The single most likely banlist error right now: building with 4 Corsica Base out of habit because that's the normal limit. It's restricted to 2. Check your count if your deck runs it — this is the one card the current list cares about.

Mistake #2: Forgetting the sideboard counts toward limits.

Restricted (2) means 2 across deck and sideboard combined — not 2 in each. Running two Corsica Base in the main and one more in the sideboard is three total, which is illegal. Add up both zones when checking restricted counts.

Mistake #3: Customizing the ST02 starter without adjusting Corsica Base.

The unmodified ST02 starter is legal with all three Corsica Bases — but the moment you change anything in it, it's a constructed deck and the Restricted (2) cap applies. If you tweak the starter, cut Corsica Base down to 2.

Mistake #4: Assuming the banlist hasn't changed.

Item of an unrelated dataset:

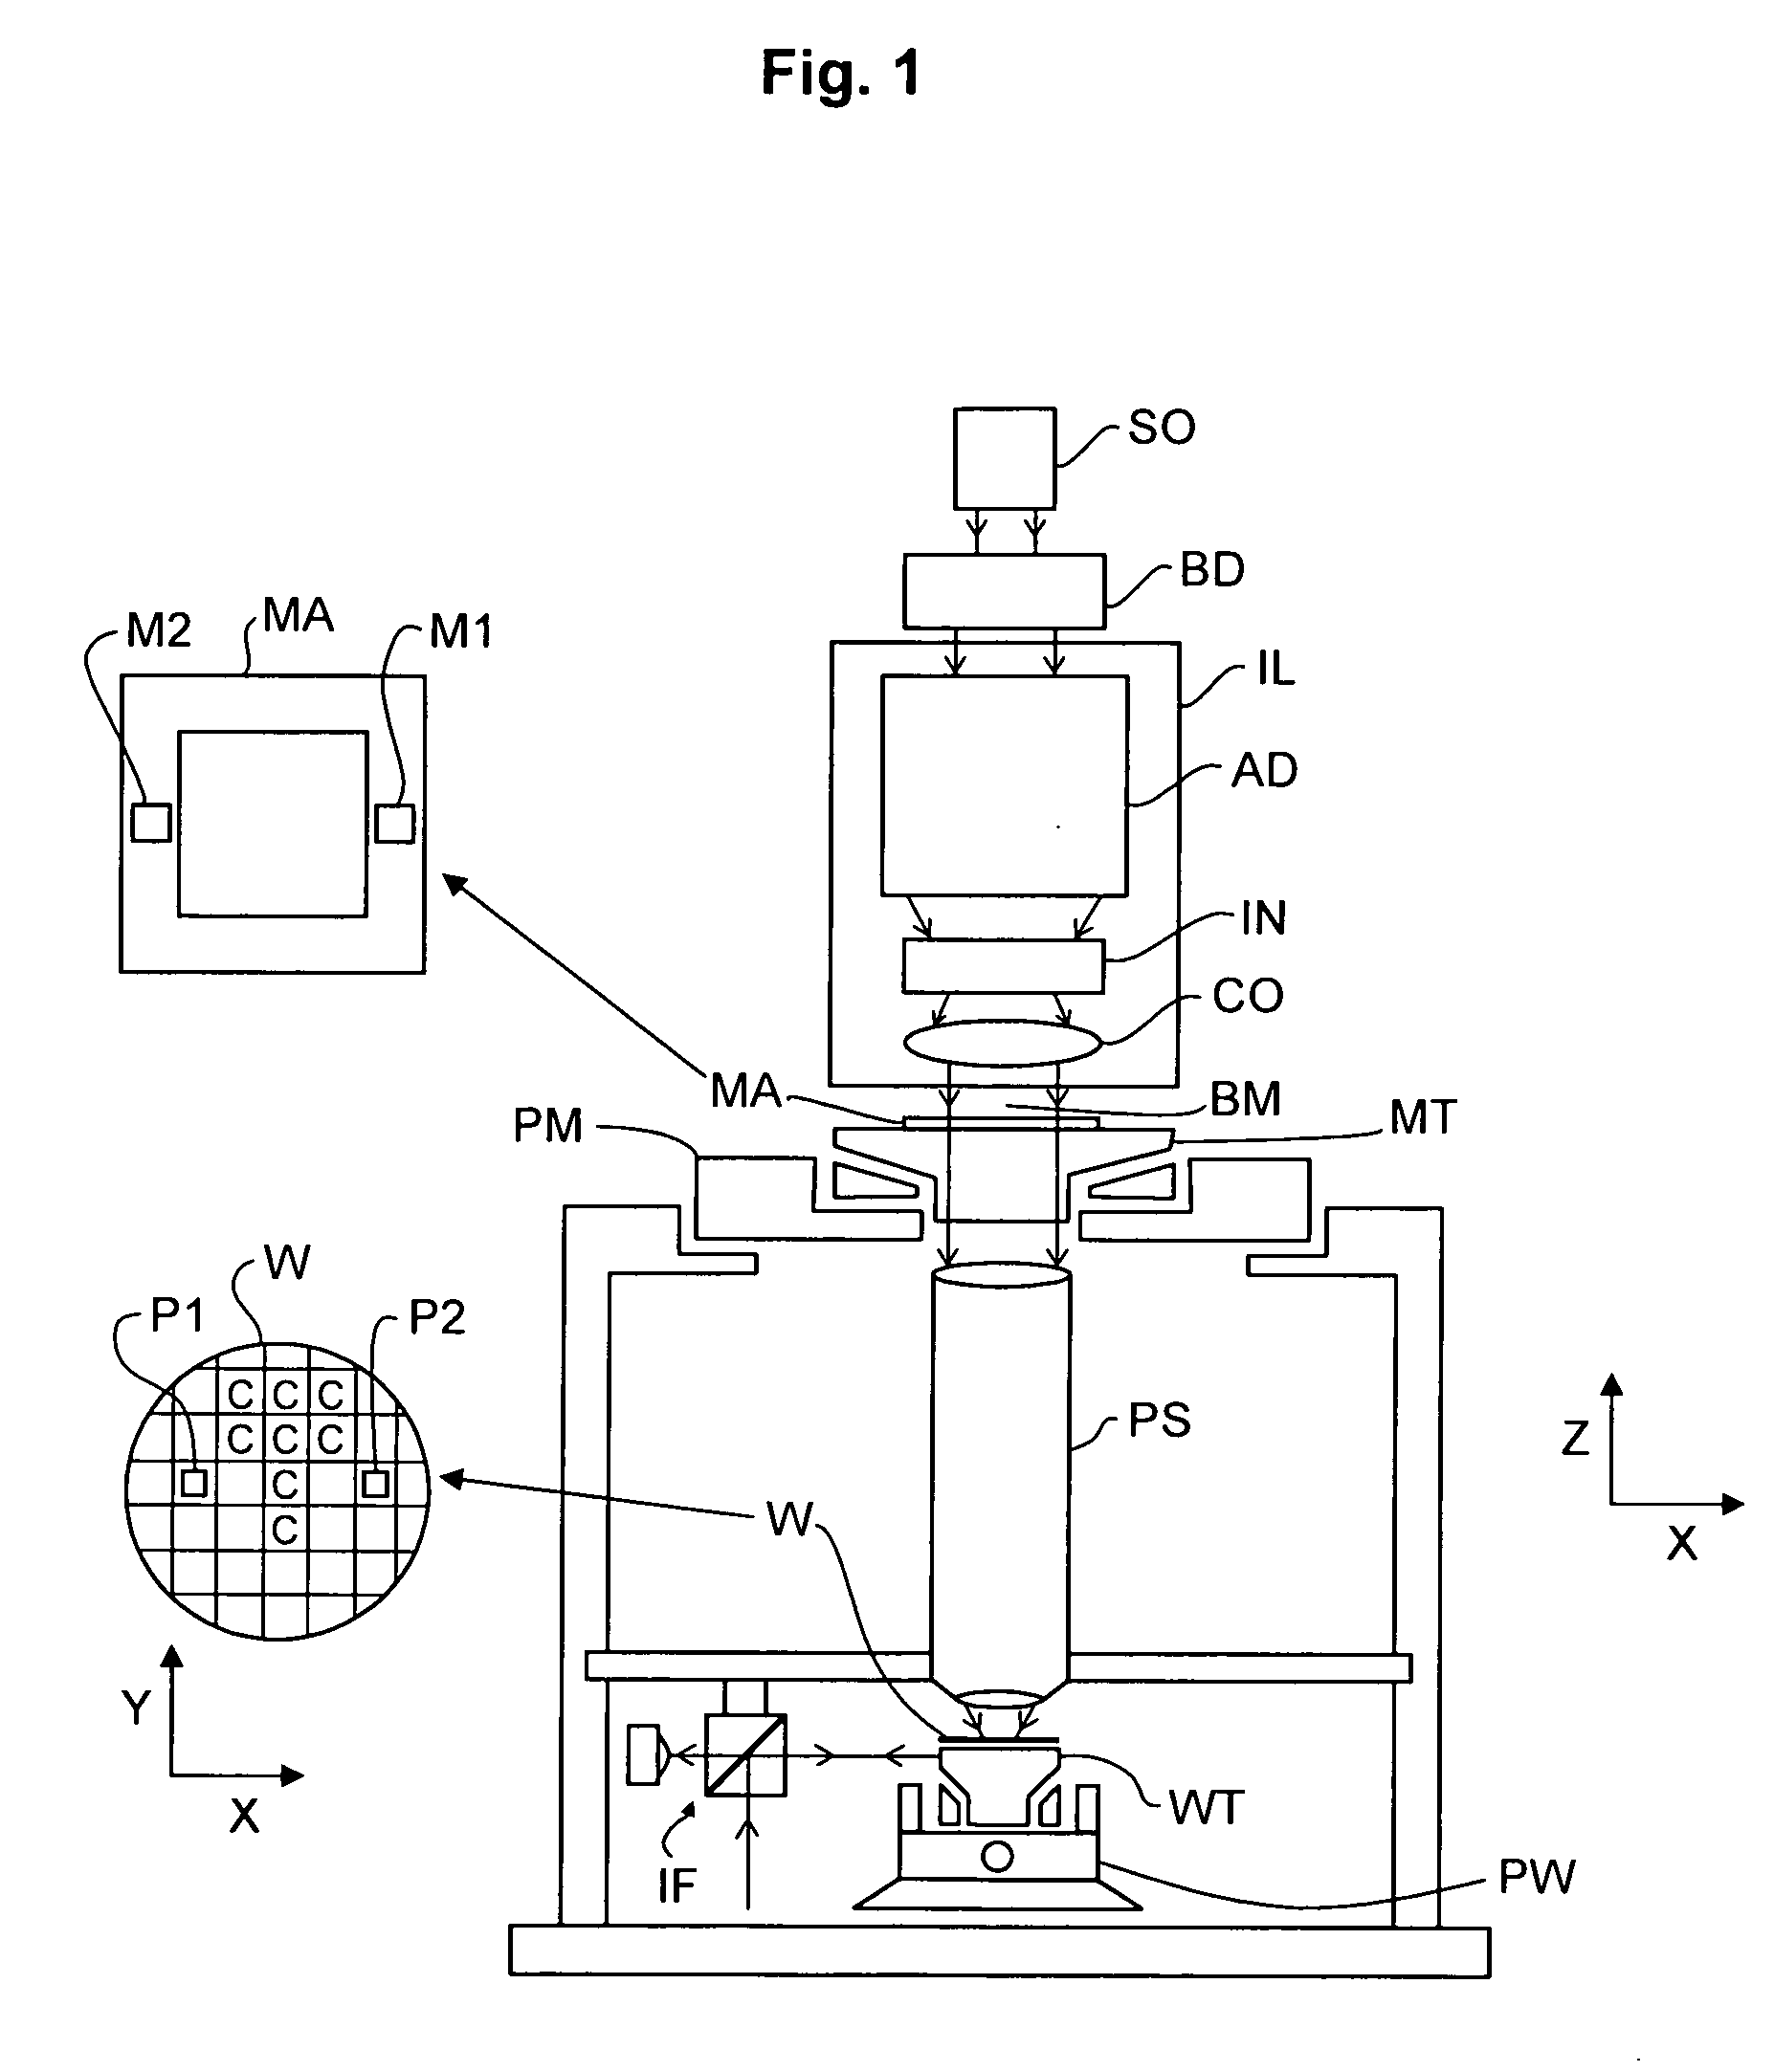 Lithographic apparatus having a controlled motor, and motor control system and method

The list is updated roughly every six months. If your last event was months ago, don't assume the list is the same — a revision may have landed. Always reconfirm the current official list before each event rather than trusting your memory of the last one.

Mistake #5: Miscounting deck or Resource Deck size.

It's a 50-card main deck and a separate 10-card Resource Deck — both exact counts, not minimums. Bringing 49 or 51 main-deck cards, or forgetting the Resource Deck must be exactly 10, is a deck-registration error that can cost you. Count carefully before submitting your list.

FAQ & Quick Reference

  • How many cards are banned in Gundam right now? Zero. As of the April 1, 2026 revision, there are no outright banned cards — only one restricted card (Corsica Base, capped at 2). This makes Gundam one of the most open competitive environments among current TCGs, which is typical for a game this young.
  • Where do I check the official banlist? The official Gundam Card Game website publishes the banned and restricted list and announces revisions there (and on the game's official social channels). Always treat the official site as the source of truth — third-party trackers can lag behind official announcements.
  • Is there a sealed or draft tournament format? Constructed is the primary competitive format. Limited formats (sealed and draft) may appear at specific events or launch parties depending on organizer support and product availability, but the banned and restricted list and the bulk of competitive play center on constructed. Check with your local organizer for what they run.
  • Can I use any printing of a card, including alt-arts? Yes — cards are identified by card number, and any printing of a given card number (including alternate-art versions) counts as that card for legality and copy limits. An alt-art Corsica Base still counts toward the Restricted (2) limit. Functionally, the art doesn't change legality.
  • Will the banlist grow as more sets release? Almost certainly, over time — that's the normal life cycle of any TCG as the card pool deepens and new interactions emerge. But Bandai's measured approach so far (one restriction, zero bans, six-month revisions) suggests they'll move carefully rather than swinging the banhammer aggressively. Expect gradual, meta-driven adjustments rather than sweeping changes.
  • Format: Constructed — 50-card main deck + 10-card Resource Deck, up to 2 colors, max 4 copies per card number.
  • Sideboard: used between games; restricted/banned limits apply across deck + sideboard combined.
  • Matches: best two-out-of-three games; Swiss rounds into single-elimination top cut.
  • Banned cards: none (as of April 1, 2026).
  • Restricted cards: ST02-016 Corsica Base — Restricted (2).
  • Revisions: roughly every six months — always reconfirm before an event.
  • Starter exception: unmodified ST02 starter legal with 3 Corsica Base; customizing triggers the (2) cap.
  • Source of truth: the official Gundam Card Game website.

A Young Format With Room to Grow.

Competitive Gundam is about as approachable as a tournament scene gets right now: a clean constructed format, familiar best-of-three matches, and a banlist with zero bans and a single restriction. That won't last forever — as the card pool grows, so will the list — but for now, preparing for an event is mostly about knowing the deck-construction rules, respecting the one restricted card, and confirming the current list before you go. Learn the structure, build a legal list, and the only thing left to worry about is winning your games.